= PROVIDED INFORMATION =
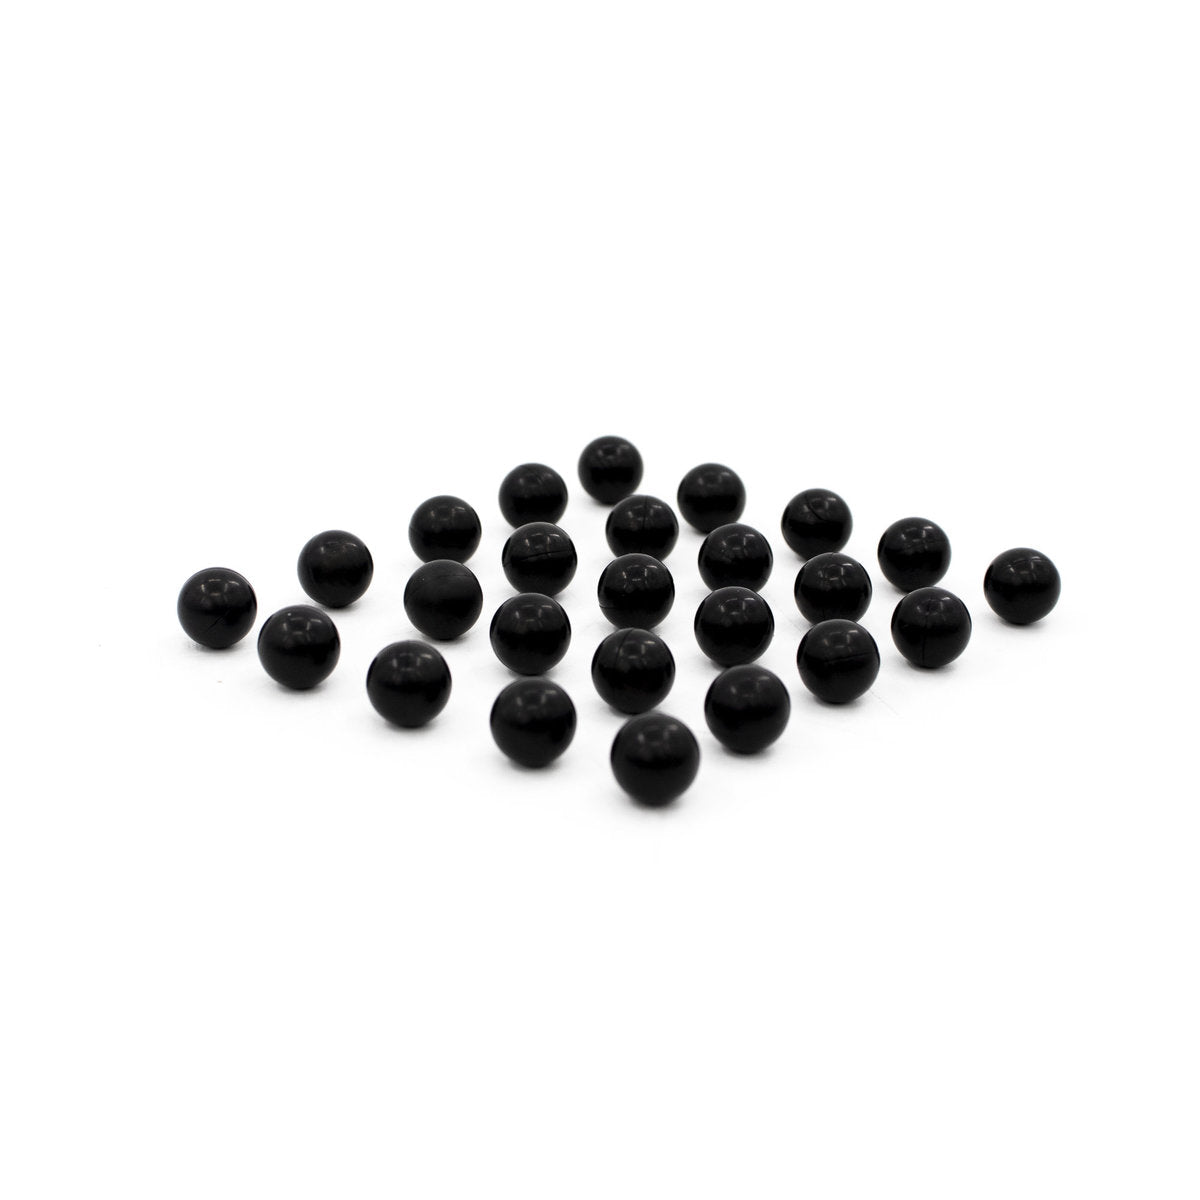 Bolas de Goma de Alta Densidad - Hard Rubber Balls Cal. 0.50 (1.320 gr)
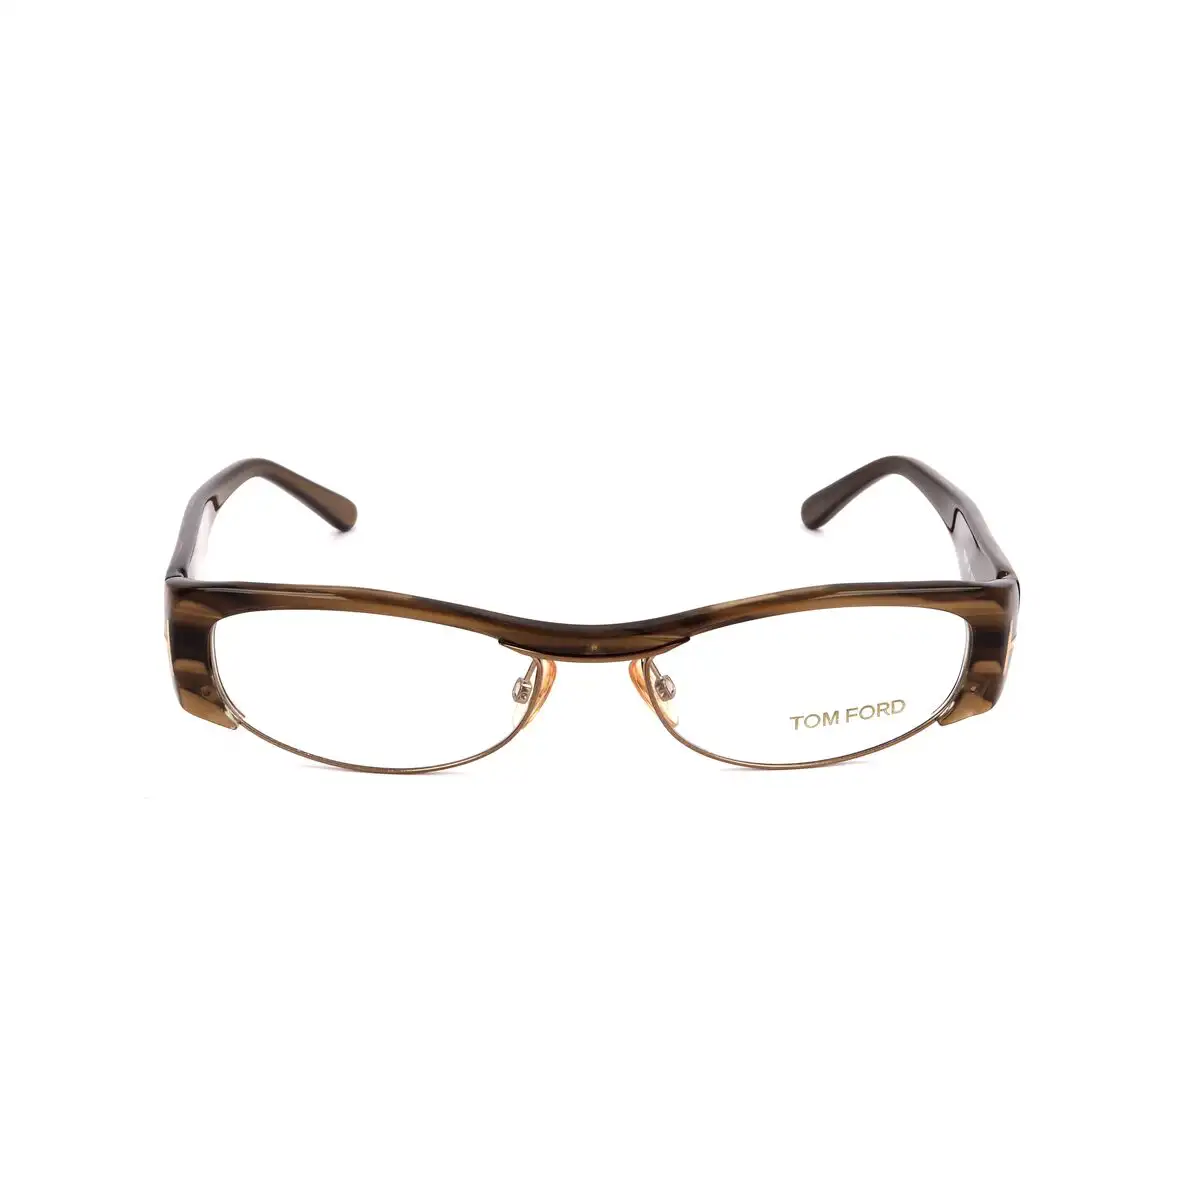 Monture de lunettes femme tom ford ft5076 u61 marron_9805. Bienvenue sur DIAYTAR SENEGAL - Où le Shopping est une Affaire Personnelle. Découvrez notre sélection et choisissez des produits qui reflètent votre unicité et votre individualité.
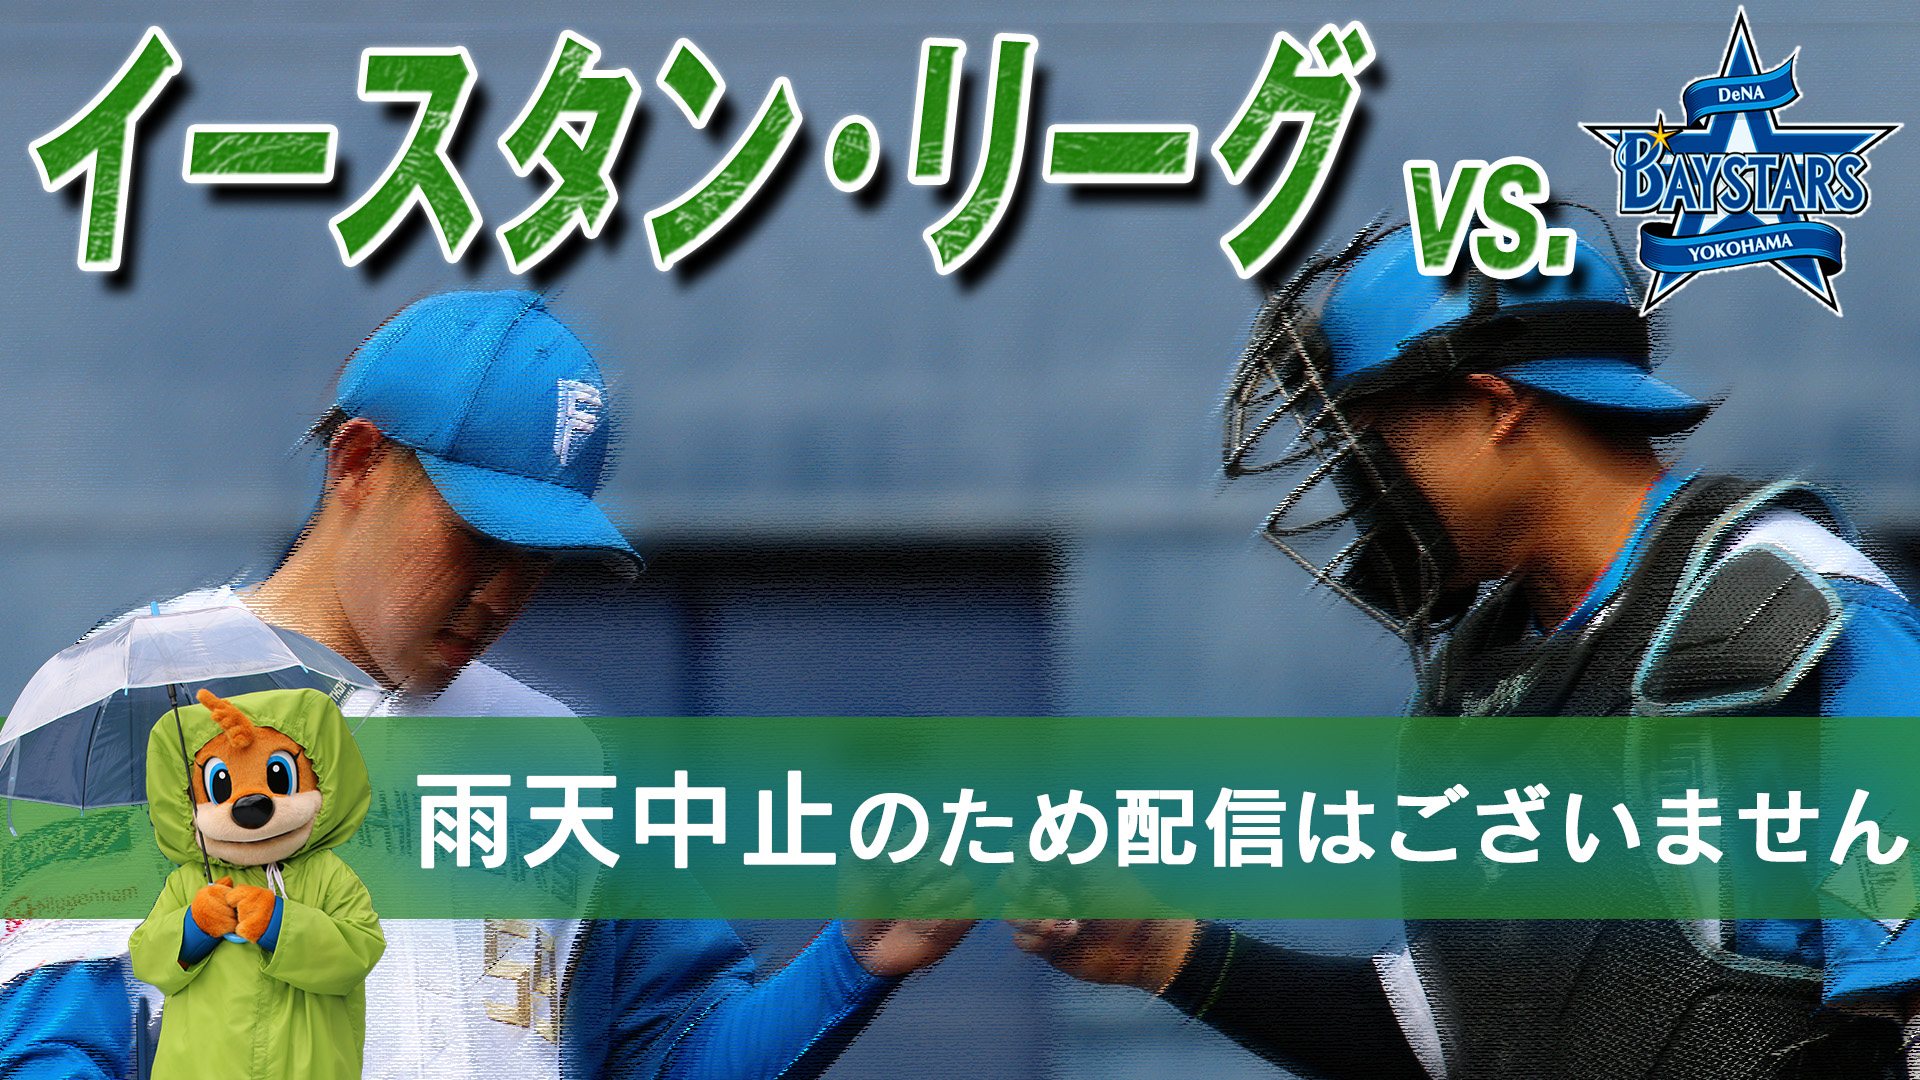 7月12日 (金) イースタン・リーグ vs 横浜DeNA 12:45～
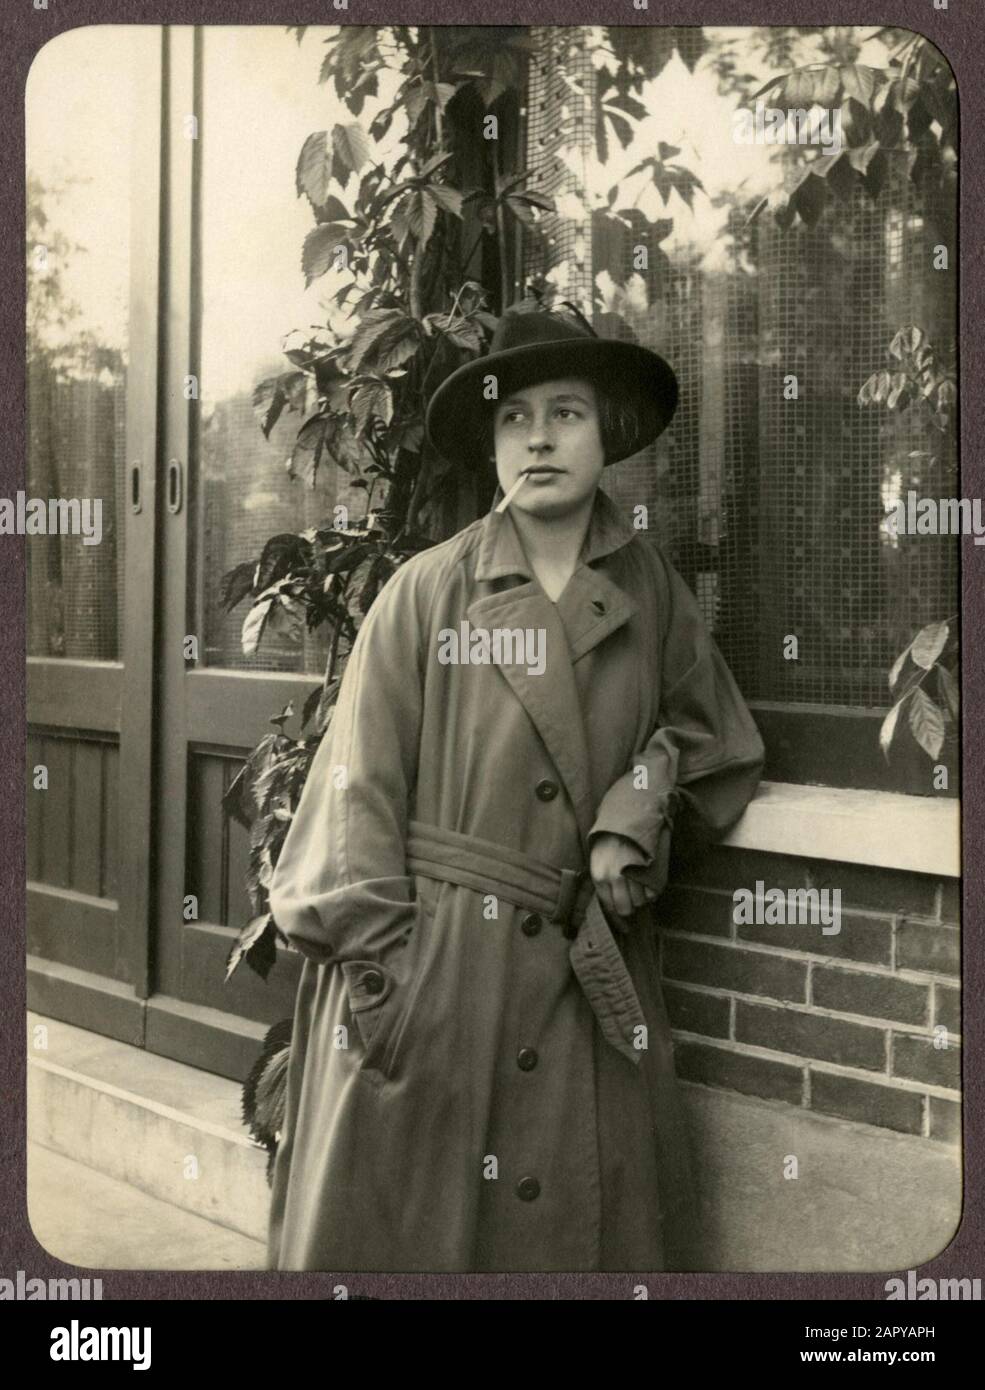 Femme en long imperméable avec chapeau et cigarette dans la bouche, penchée contre une fenêtre. Pays-Bas, 1926. Cette photo fait partie d'un certain nombre de photos numérisées en basse résolution d'un toalbum privé. Banque D'Images
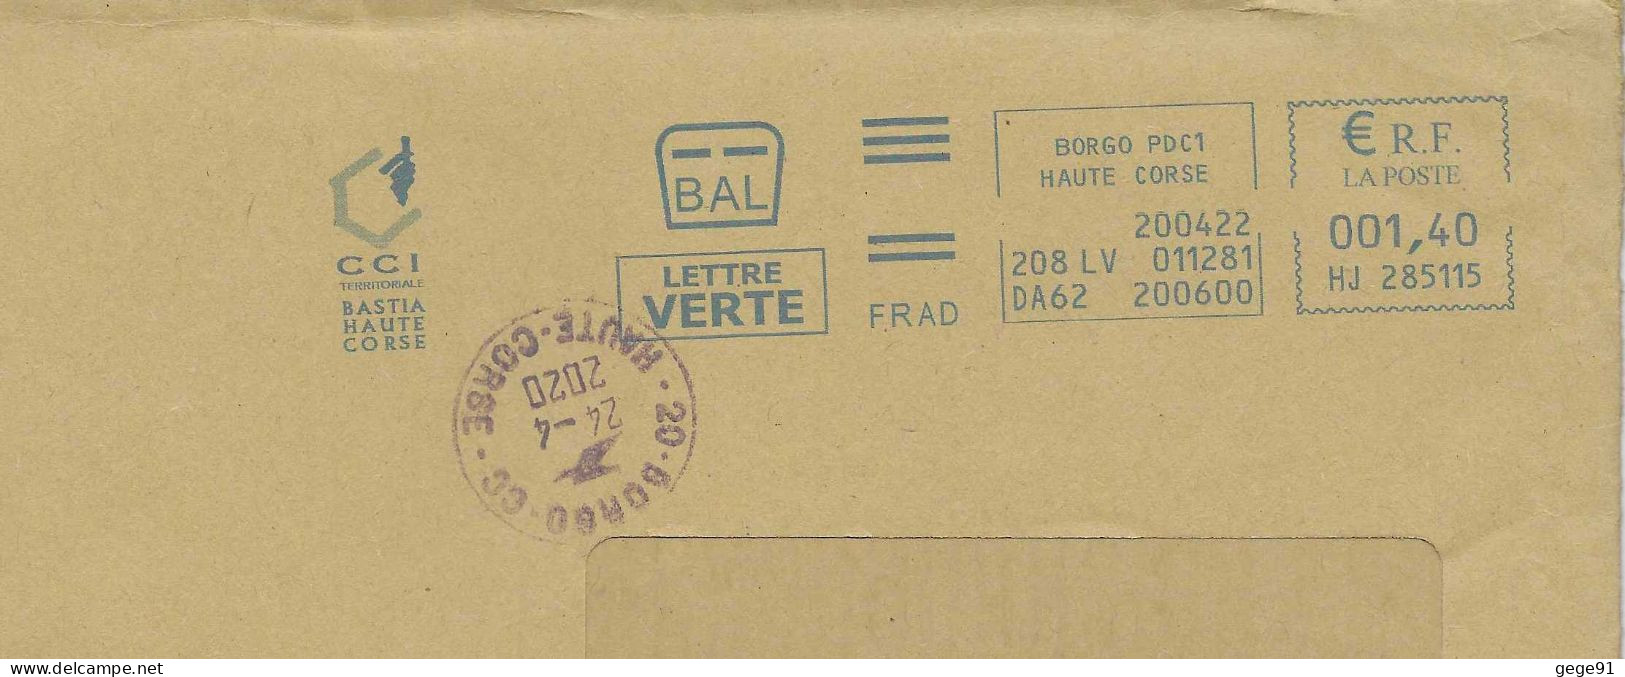 Ema Neopost HJ - Carte De La Corse - Cachet Manuel De Borgo Pour Correction De Date - Enveloppe Réduite 220x110 - Géographie

= EXERCISE =
The lines from the one that contains "Femme en long" through the end of the data, repeated exactly and with no pictures, make up the whole answer.

= TASK OUTPUT =
 Femme en long imperméable avec chapeau et cigarette dans la bouche, penchée contre une fenêtre. Pays-Bas, 1926. Cette photo fait partie d'un certain nombre de photos numérisées en basse résolution d'un toalbum privé. Banque D'Images
 Ema Neopost HJ - Carte De La Corse - Cachet Manuel De Borgo Pour Correction De Date - Enveloppe Réduite 220x110 - Géographie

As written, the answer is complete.